• TASK ITEM
In the entries below, find the line with "Student medical assistant" and print exactly every line from there up to and including the line with "Axelle Blanpain of", with no other lines.

==*==

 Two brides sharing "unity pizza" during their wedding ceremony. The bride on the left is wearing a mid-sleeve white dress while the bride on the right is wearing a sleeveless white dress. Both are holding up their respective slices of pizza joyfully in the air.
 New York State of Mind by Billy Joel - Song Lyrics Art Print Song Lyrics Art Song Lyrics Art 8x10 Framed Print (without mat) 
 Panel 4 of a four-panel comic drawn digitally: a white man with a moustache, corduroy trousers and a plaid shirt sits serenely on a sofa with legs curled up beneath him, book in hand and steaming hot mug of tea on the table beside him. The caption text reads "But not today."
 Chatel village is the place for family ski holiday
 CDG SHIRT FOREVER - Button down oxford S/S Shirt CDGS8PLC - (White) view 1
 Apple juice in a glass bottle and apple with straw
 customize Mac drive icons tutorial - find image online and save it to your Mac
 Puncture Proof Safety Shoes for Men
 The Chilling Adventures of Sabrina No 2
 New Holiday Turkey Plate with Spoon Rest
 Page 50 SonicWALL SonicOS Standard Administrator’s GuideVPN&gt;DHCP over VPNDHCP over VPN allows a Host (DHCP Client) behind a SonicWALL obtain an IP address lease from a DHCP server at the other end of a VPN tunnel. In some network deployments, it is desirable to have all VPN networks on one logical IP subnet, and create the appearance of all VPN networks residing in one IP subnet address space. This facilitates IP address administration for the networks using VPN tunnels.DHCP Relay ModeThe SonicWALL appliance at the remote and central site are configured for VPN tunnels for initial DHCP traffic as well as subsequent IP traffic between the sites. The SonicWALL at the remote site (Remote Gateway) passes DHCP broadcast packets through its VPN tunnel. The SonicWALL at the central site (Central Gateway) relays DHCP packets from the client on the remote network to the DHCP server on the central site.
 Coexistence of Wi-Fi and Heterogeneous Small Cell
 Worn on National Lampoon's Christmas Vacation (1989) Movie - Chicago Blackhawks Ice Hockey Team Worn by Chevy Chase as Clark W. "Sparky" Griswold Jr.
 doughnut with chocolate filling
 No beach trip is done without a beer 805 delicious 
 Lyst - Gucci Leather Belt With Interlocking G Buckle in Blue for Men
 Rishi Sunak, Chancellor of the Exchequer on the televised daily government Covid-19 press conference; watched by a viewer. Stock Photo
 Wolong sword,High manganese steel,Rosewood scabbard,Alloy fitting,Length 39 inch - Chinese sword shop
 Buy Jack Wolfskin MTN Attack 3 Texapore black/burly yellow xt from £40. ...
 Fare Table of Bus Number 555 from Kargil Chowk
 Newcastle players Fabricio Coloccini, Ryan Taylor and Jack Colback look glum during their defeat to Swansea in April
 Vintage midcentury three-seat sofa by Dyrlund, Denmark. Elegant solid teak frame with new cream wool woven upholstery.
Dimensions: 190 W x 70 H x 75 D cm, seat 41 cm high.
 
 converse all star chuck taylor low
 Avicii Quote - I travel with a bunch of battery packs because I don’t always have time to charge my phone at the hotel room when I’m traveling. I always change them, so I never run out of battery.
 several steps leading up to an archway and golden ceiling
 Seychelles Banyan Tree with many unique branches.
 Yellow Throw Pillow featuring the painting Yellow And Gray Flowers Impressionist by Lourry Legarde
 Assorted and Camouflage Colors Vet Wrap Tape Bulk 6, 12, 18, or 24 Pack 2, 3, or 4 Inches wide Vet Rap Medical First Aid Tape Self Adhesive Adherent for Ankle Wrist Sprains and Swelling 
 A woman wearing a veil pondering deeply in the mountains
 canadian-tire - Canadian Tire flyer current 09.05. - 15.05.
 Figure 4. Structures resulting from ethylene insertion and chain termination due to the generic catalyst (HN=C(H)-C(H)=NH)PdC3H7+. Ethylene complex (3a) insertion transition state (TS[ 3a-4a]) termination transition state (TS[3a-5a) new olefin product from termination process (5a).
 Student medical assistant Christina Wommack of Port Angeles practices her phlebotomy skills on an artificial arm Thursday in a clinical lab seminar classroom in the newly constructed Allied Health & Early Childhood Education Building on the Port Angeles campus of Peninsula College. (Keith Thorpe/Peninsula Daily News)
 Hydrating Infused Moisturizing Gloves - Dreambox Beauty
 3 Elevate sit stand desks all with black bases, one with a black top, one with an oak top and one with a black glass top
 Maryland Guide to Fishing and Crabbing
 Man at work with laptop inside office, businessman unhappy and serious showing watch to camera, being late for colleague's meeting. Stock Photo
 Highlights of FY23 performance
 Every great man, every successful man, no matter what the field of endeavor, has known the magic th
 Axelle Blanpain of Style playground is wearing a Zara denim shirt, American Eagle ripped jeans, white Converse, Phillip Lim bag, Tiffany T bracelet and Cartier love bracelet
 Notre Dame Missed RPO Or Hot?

==*==

• ANSWER BOX
 Student medical assistant Christina Wommack of Port Angeles practices her phlebotomy skills on an artificial arm Thursday in a clinical lab seminar classroom in the newly constructed Allied Health & Early Childhood Education Building on the Port Angeles campus of Peninsula College. (Keith Thorpe/Peninsula Daily News)
 Hydrating Infused Moisturizing Gloves - Dreambox Beauty
 3 Elevate sit stand desks all with black bases, one with a black top, one with an oak top and one with a black glass top
 Maryland Guide to Fishing and Crabbing
 Man at work with laptop inside office, businessman unhappy and serious showing watch to camera, being late for colleague's meeting. Stock Photo
 Highlights of FY23 performance
 Every great man, every successful man, no matter what the field of endeavor, has known the magic th
 Axelle Blanpain of Style playground is wearing a Zara denim shirt, American Eagle ripped jeans, white Converse, Phillip Lim bag, Tiffany T bracelet and Cartier love bracelet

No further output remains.